◆ Problem
Given these entries, repeat exactly the lines starting with the one that has "Tropical Waffle" and going on through the one that has "IsaDora Glossy Lip Treat 61 Pink Punch 13 ml", both included, but none of the pictures.

◆ The records
• • •

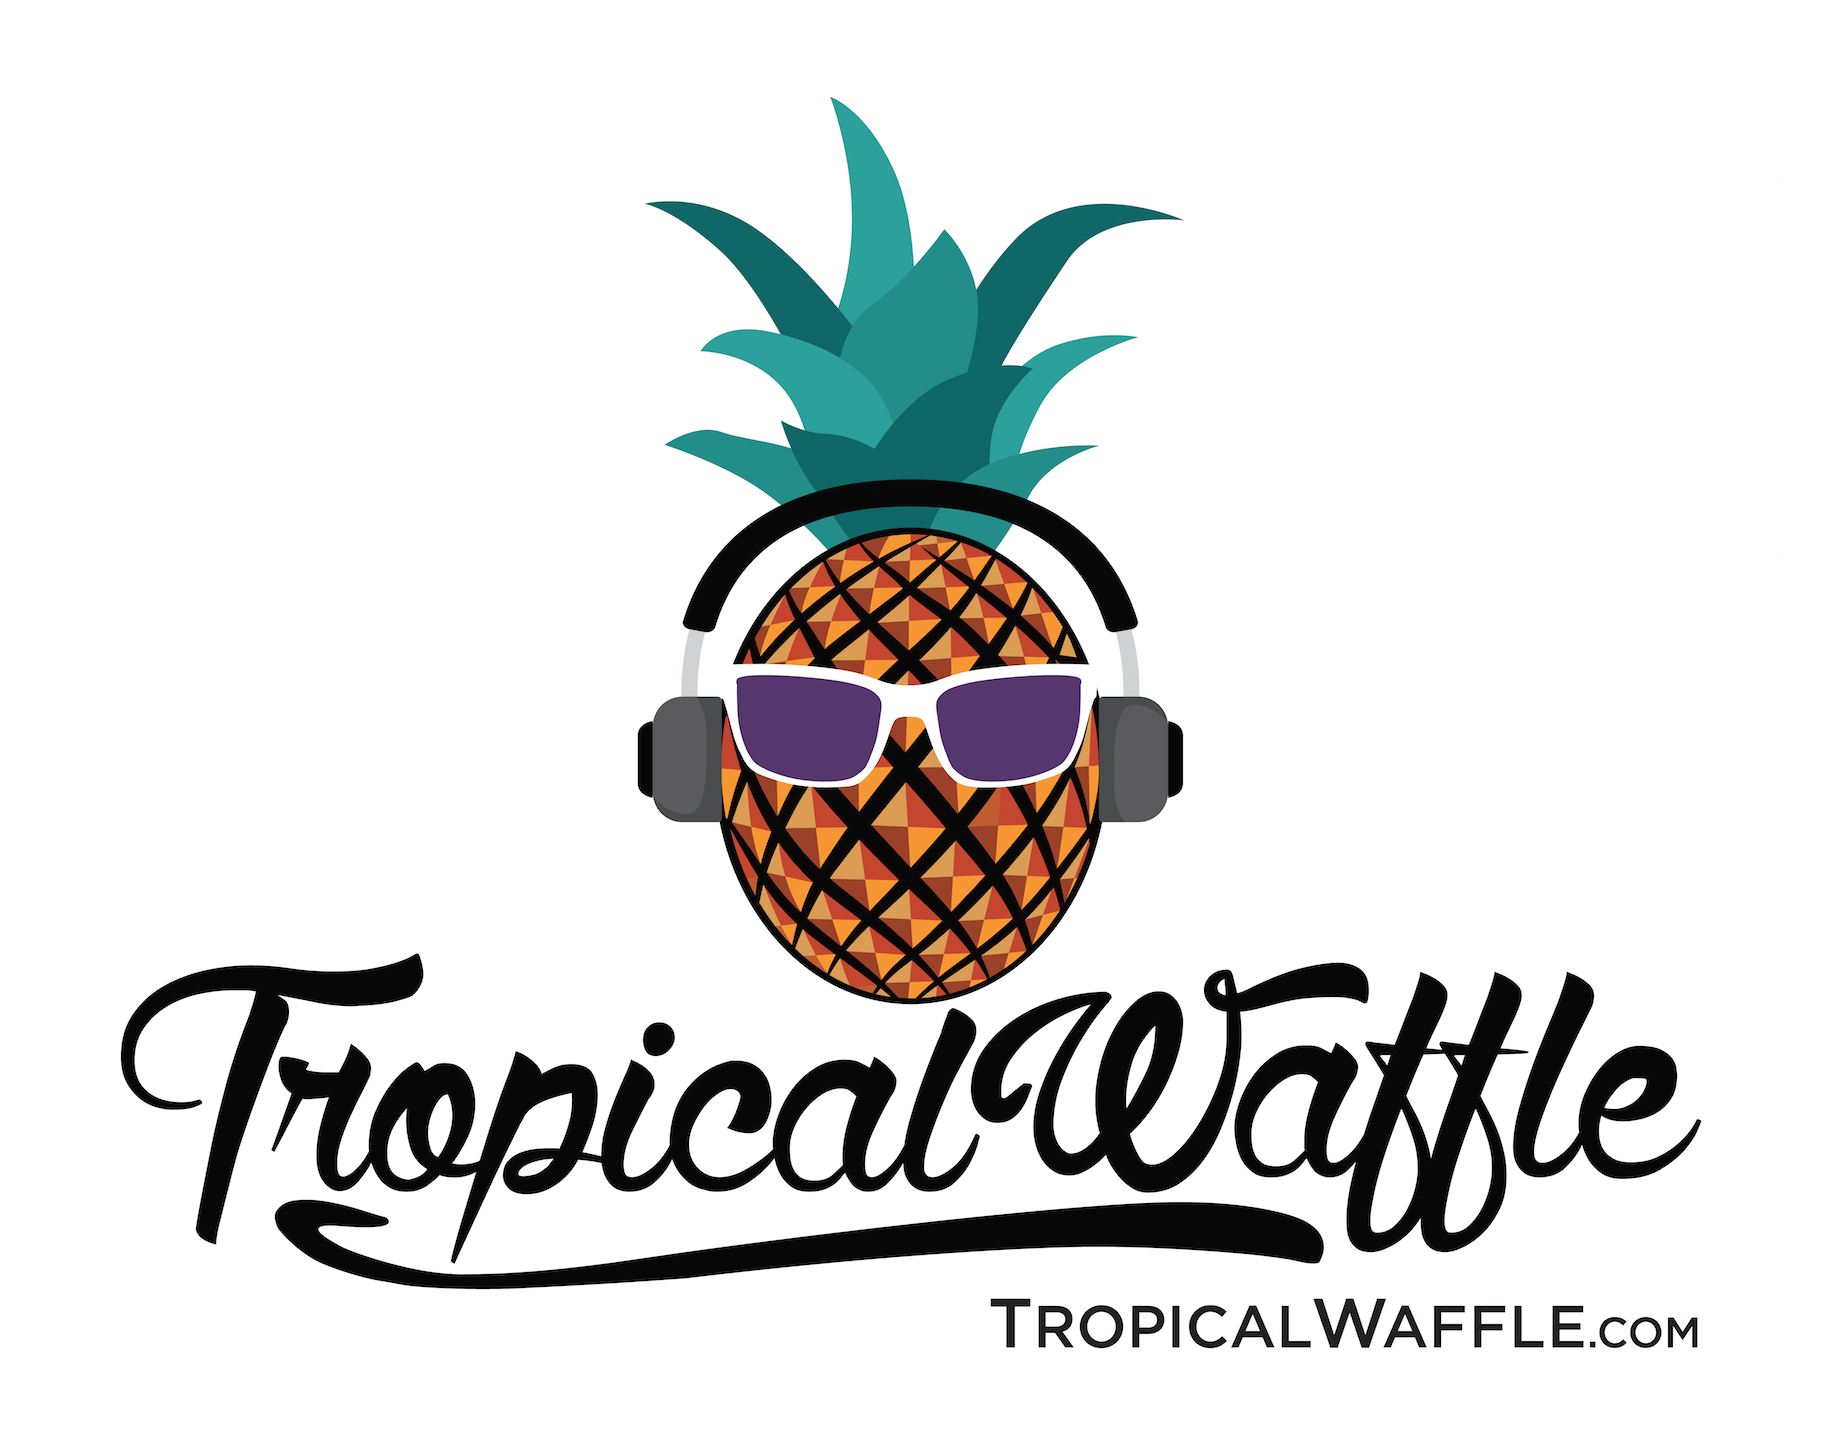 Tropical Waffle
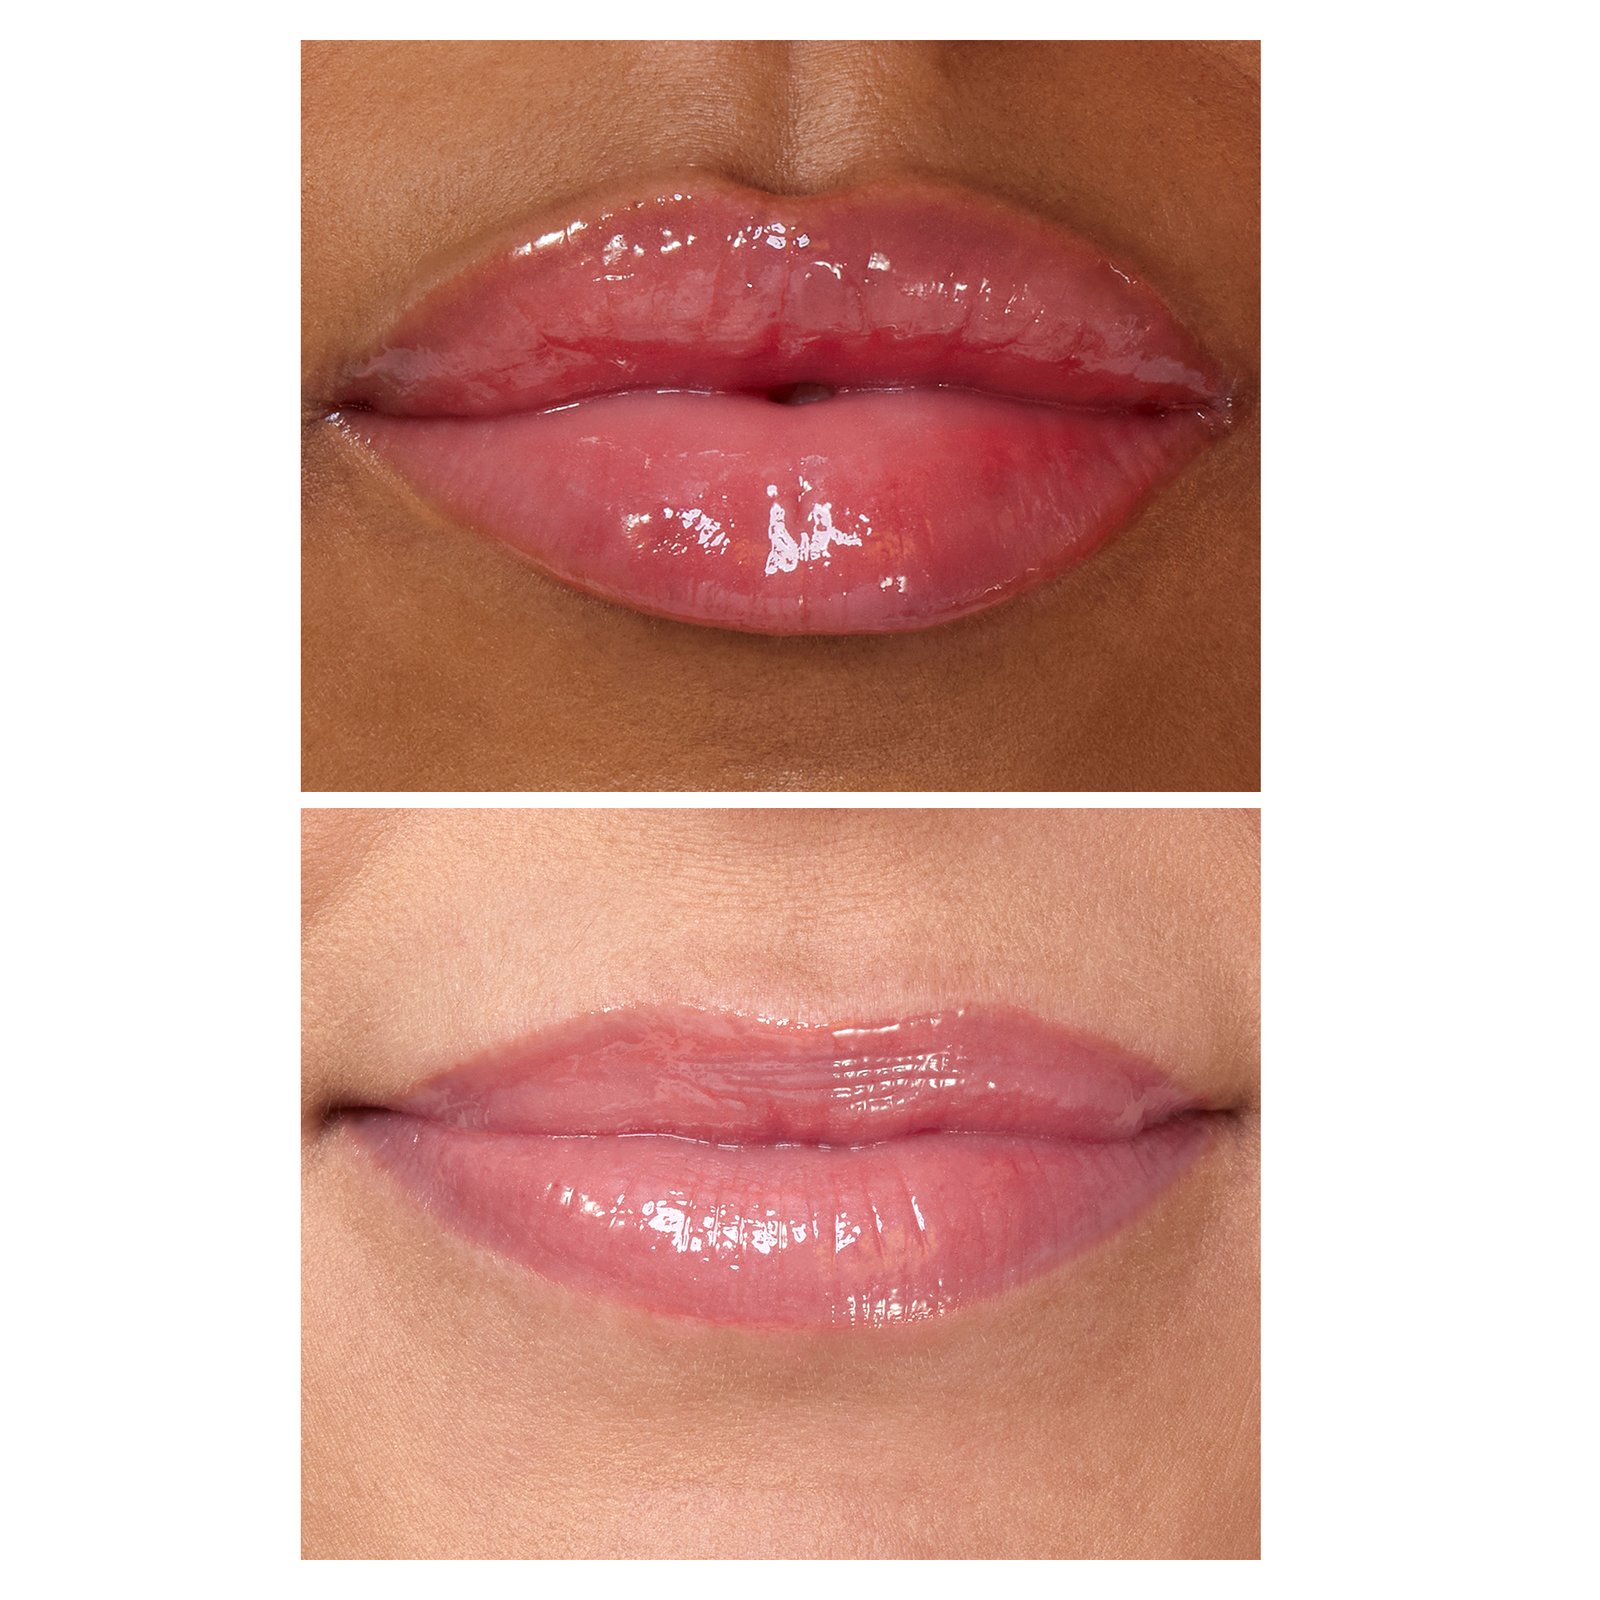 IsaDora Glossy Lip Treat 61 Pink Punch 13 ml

• • •

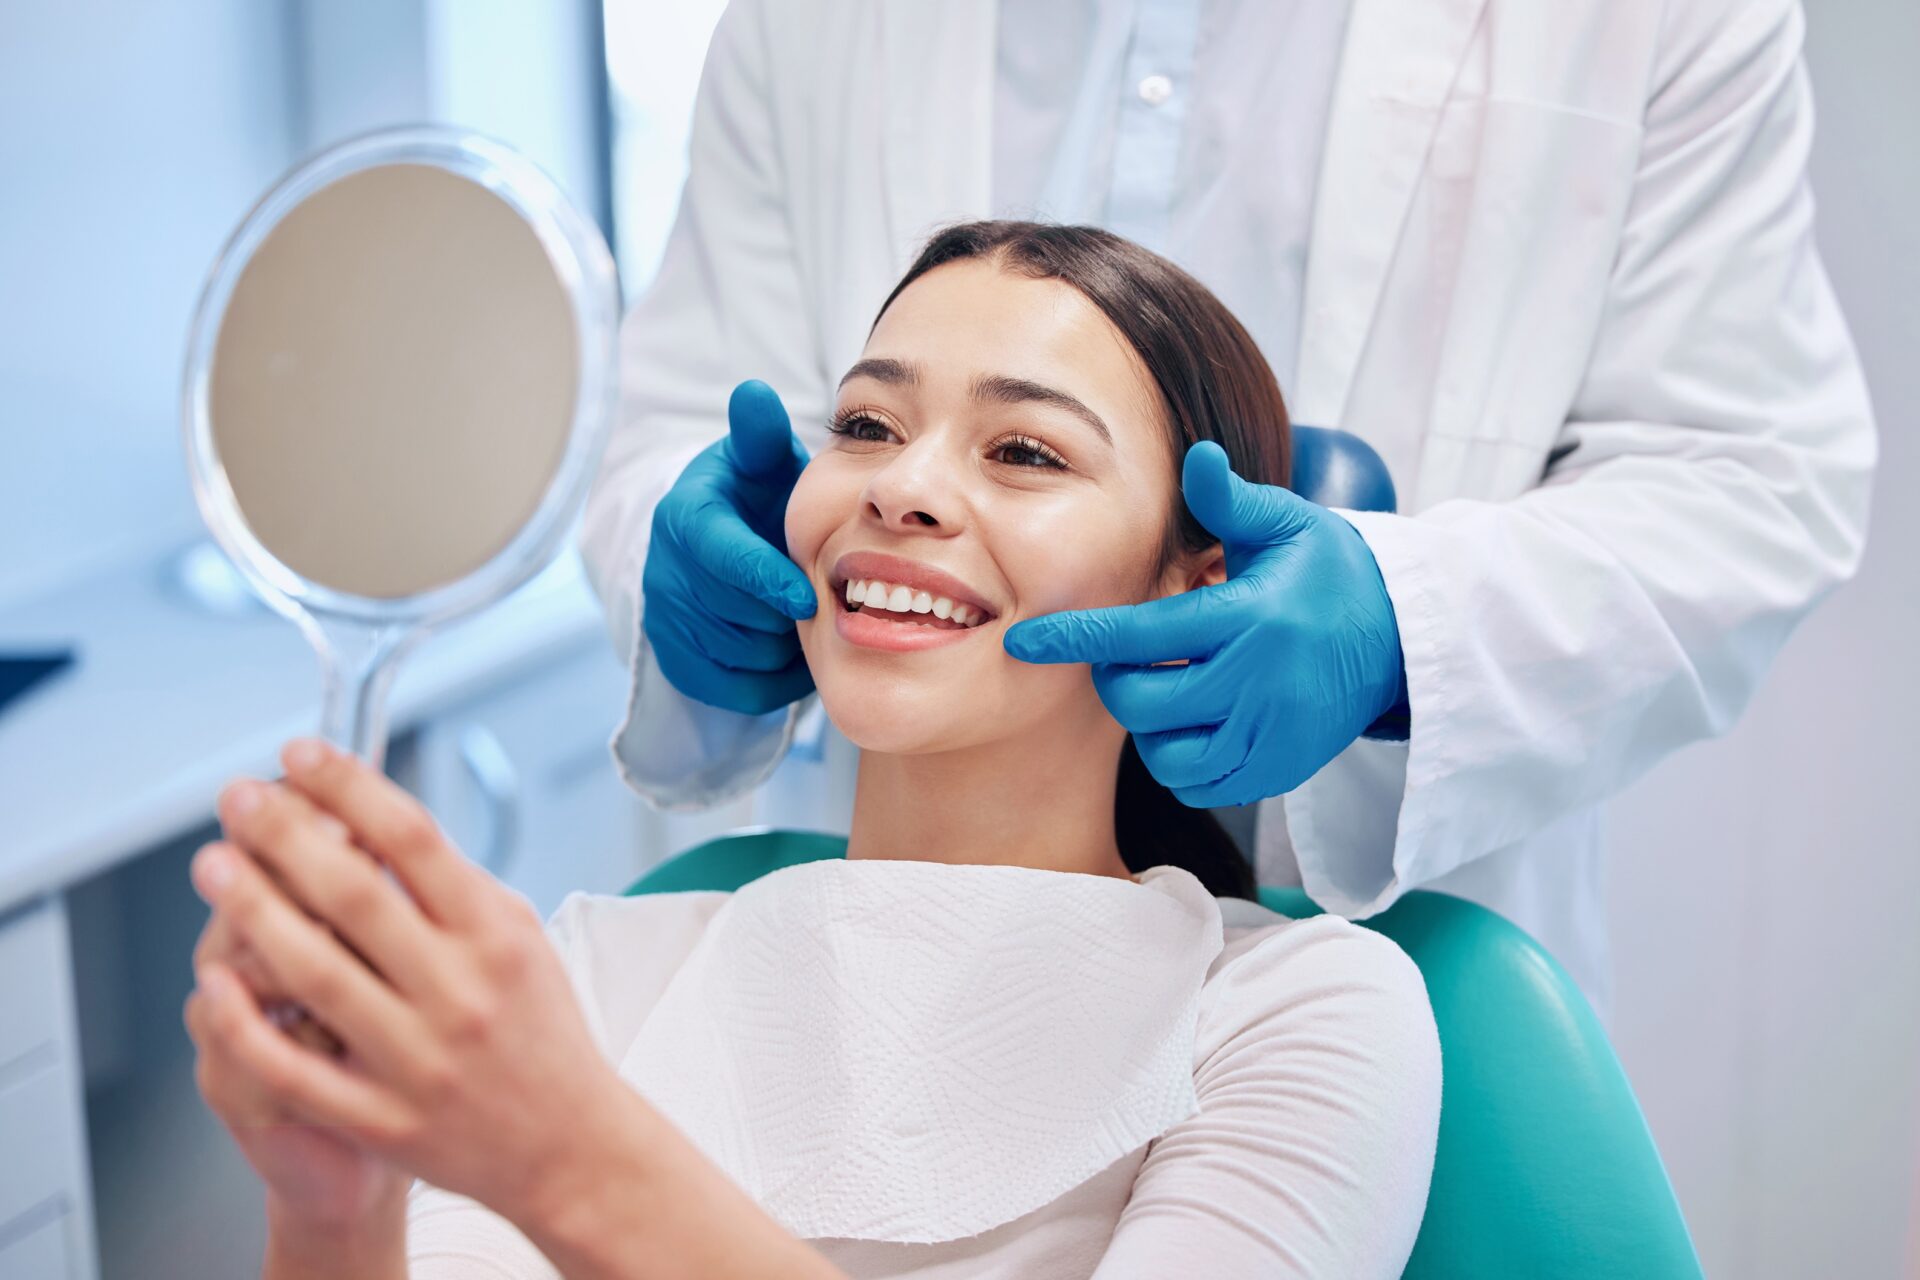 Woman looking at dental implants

• • •

◆ Response to this exercise
 Tropical Waffle
 IsaDora Glossy Lip Treat 61 Pink Punch 13 ml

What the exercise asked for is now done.